#### SUPPLIED MATERIAL
━━━━

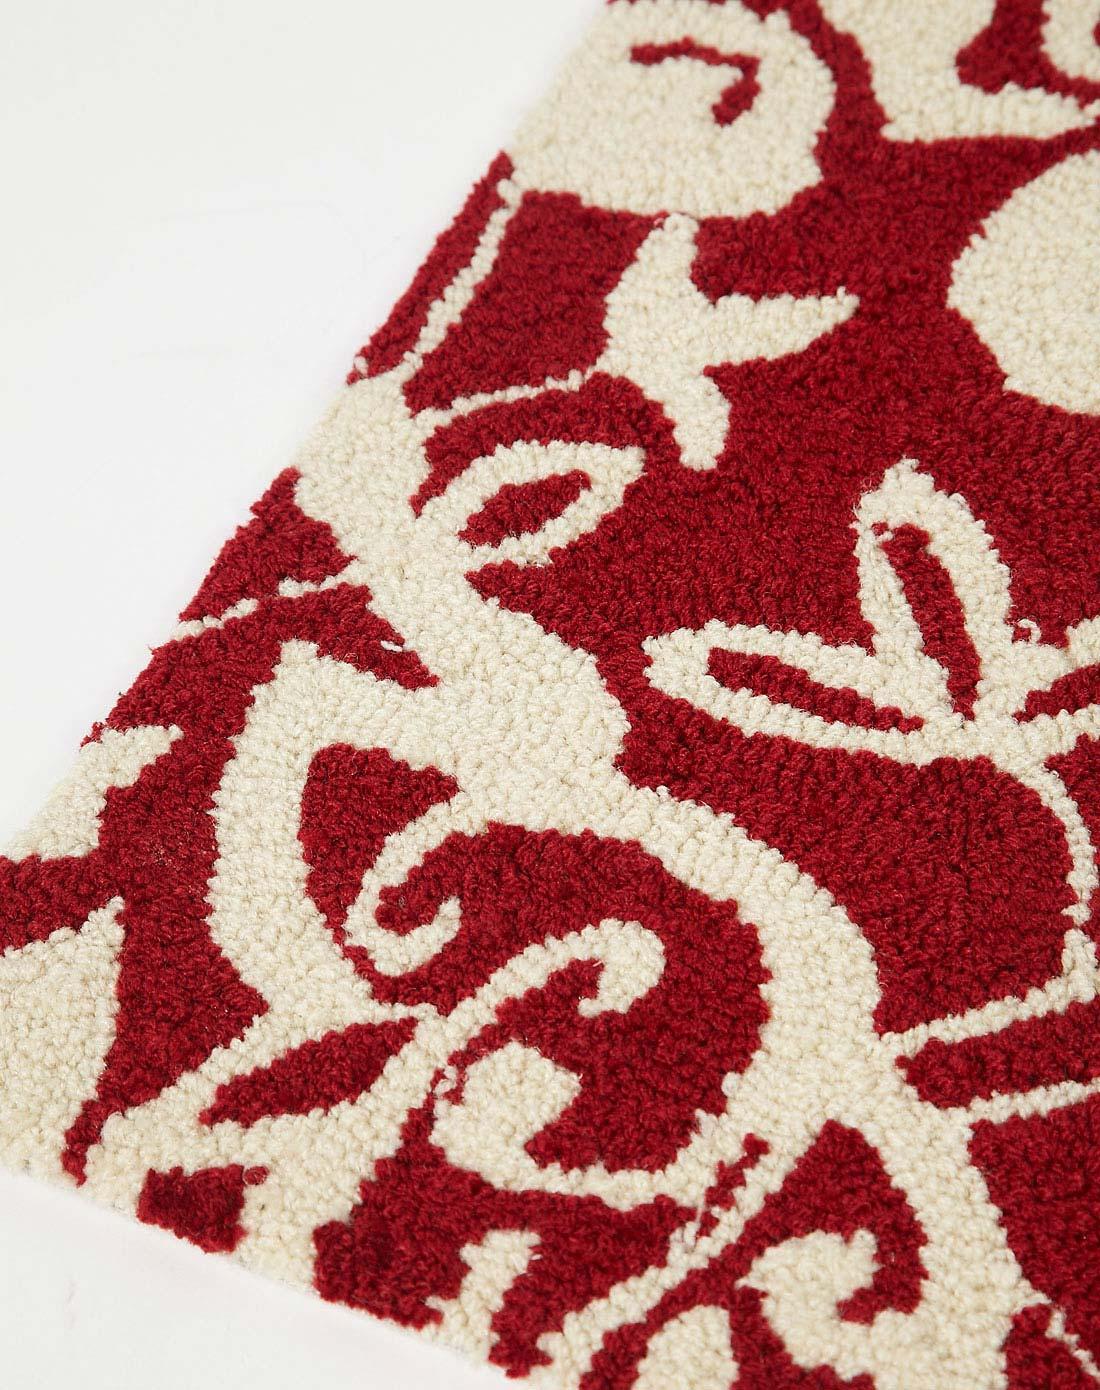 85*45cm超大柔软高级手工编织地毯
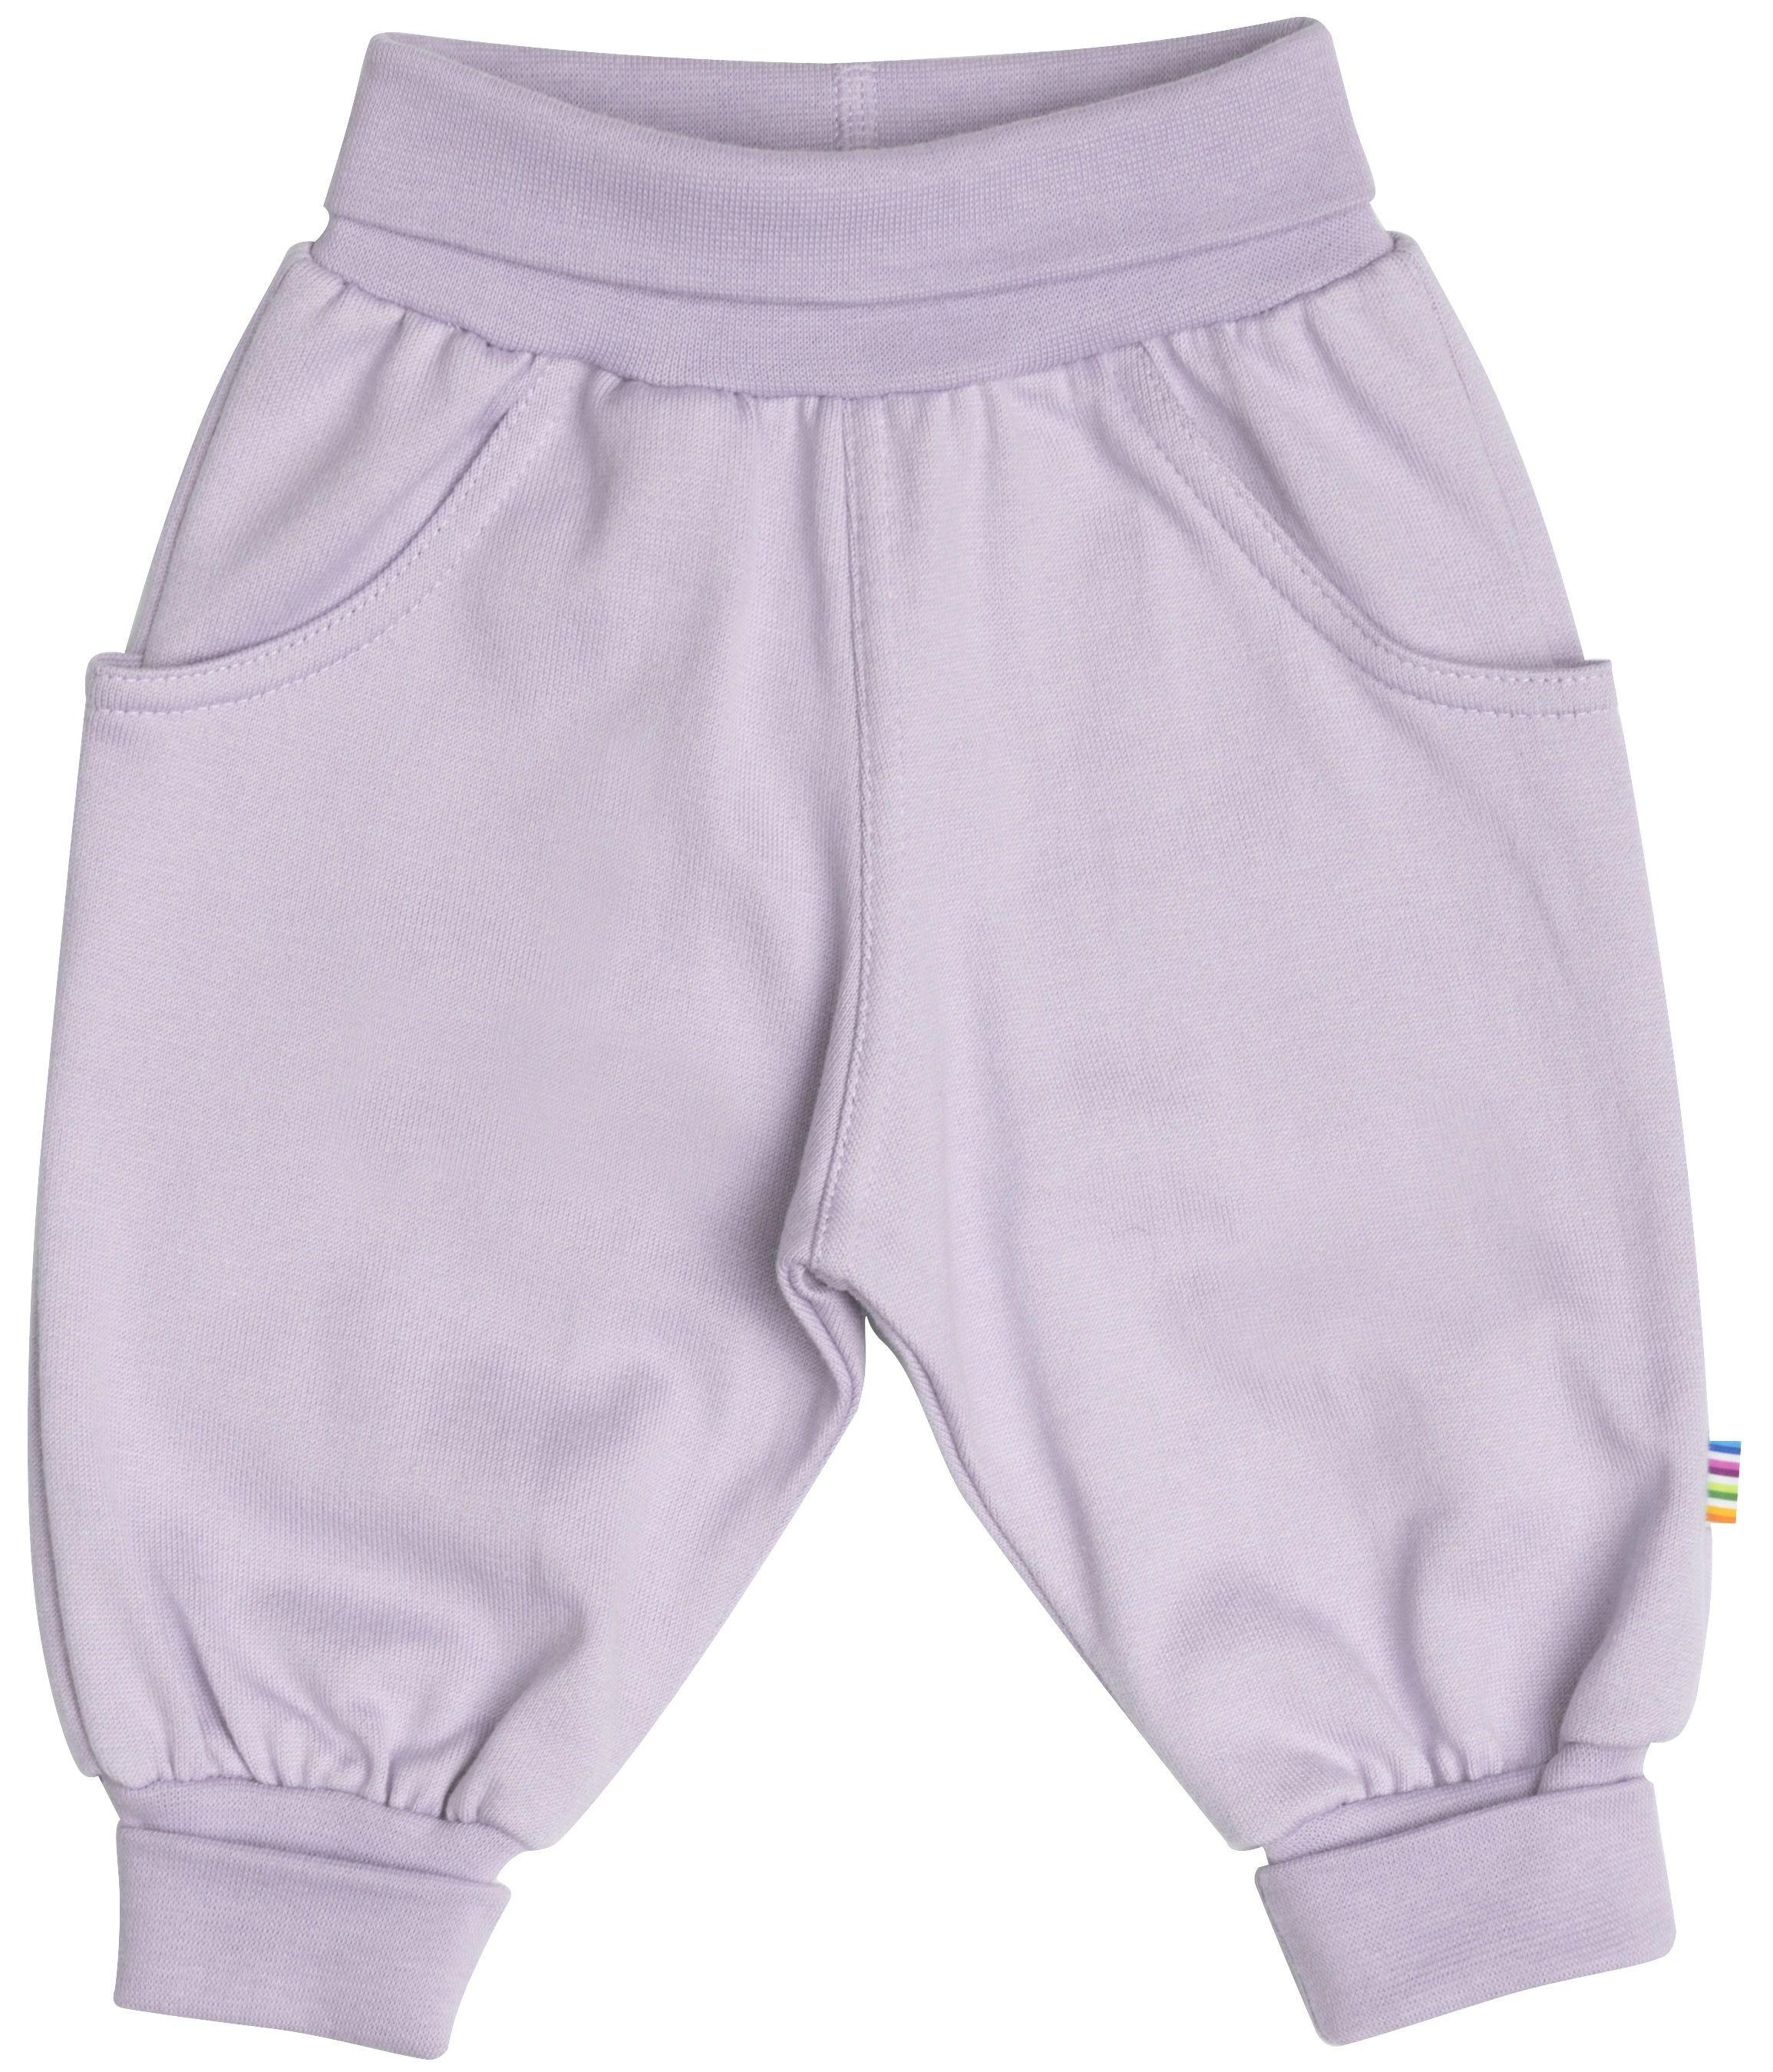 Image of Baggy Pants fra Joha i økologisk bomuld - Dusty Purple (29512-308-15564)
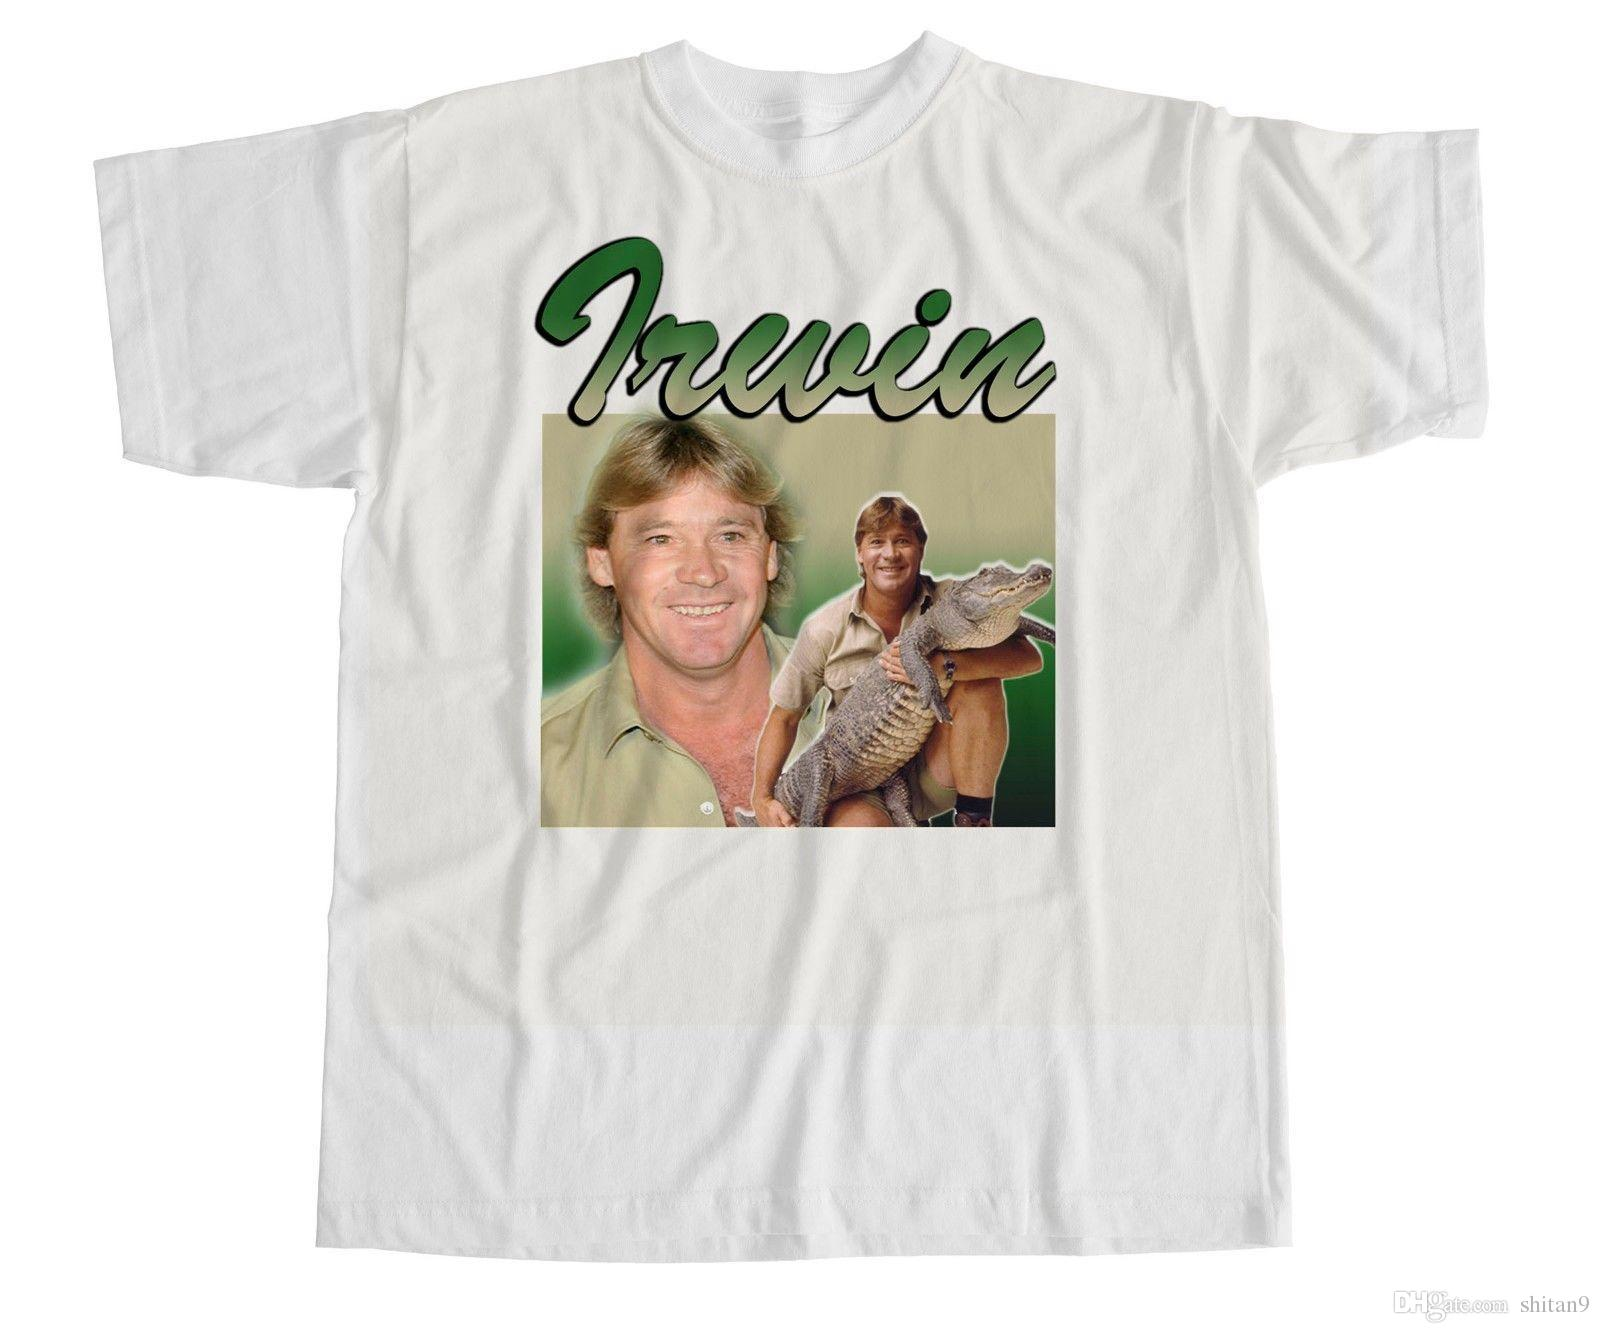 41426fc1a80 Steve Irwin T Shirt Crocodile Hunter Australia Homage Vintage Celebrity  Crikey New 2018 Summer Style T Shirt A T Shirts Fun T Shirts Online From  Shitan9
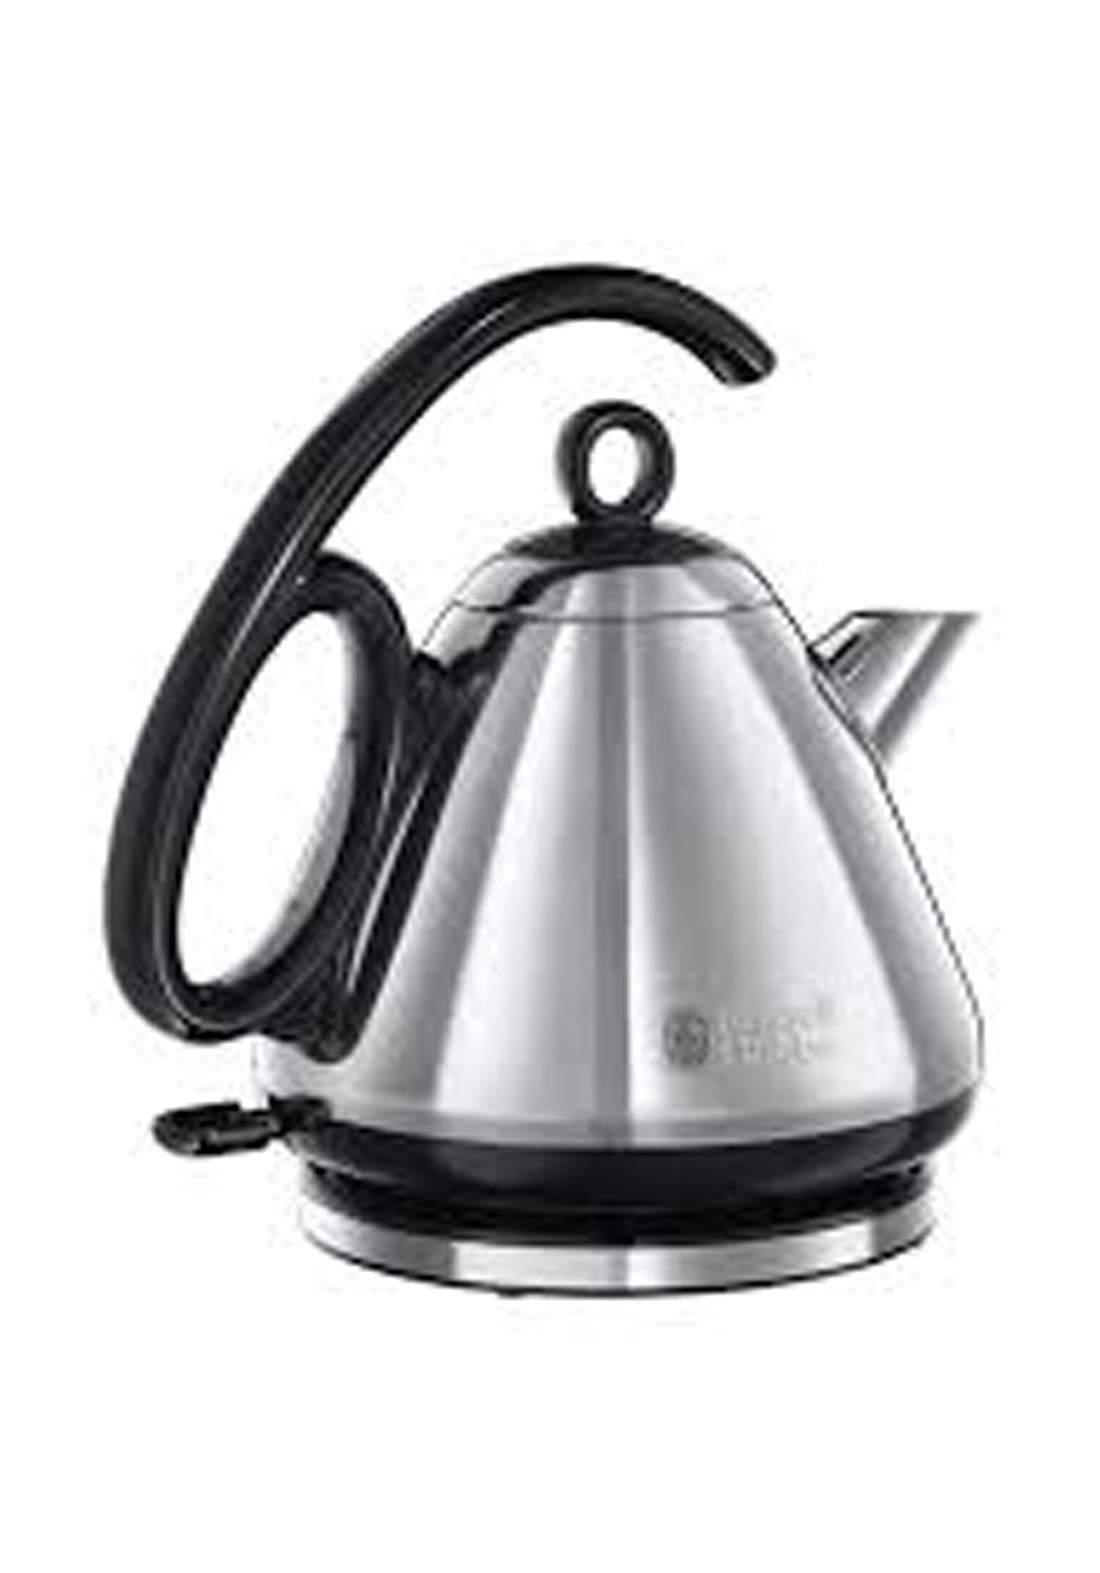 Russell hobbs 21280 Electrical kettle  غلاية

━━━━

Would you print the listing above in full, exactly, but with no pictures?

#### THE COMPLETED TASK
 85*45cm超大柔软高级手工编织地毯
 Image of Baggy Pants fra Joha i økologisk bomuld - Dusty Purple (29512-308-15564)
 41426fc1a80 Steve Irwin T Shirt Crocodile Hunter Australia Homage Vintage Celebrity  Crikey New 2018 Summer Style T Shirt A T Shirts Fun T Shirts Online From  Shitan9
 Russell hobbs 21280 Electrical kettle  غلاية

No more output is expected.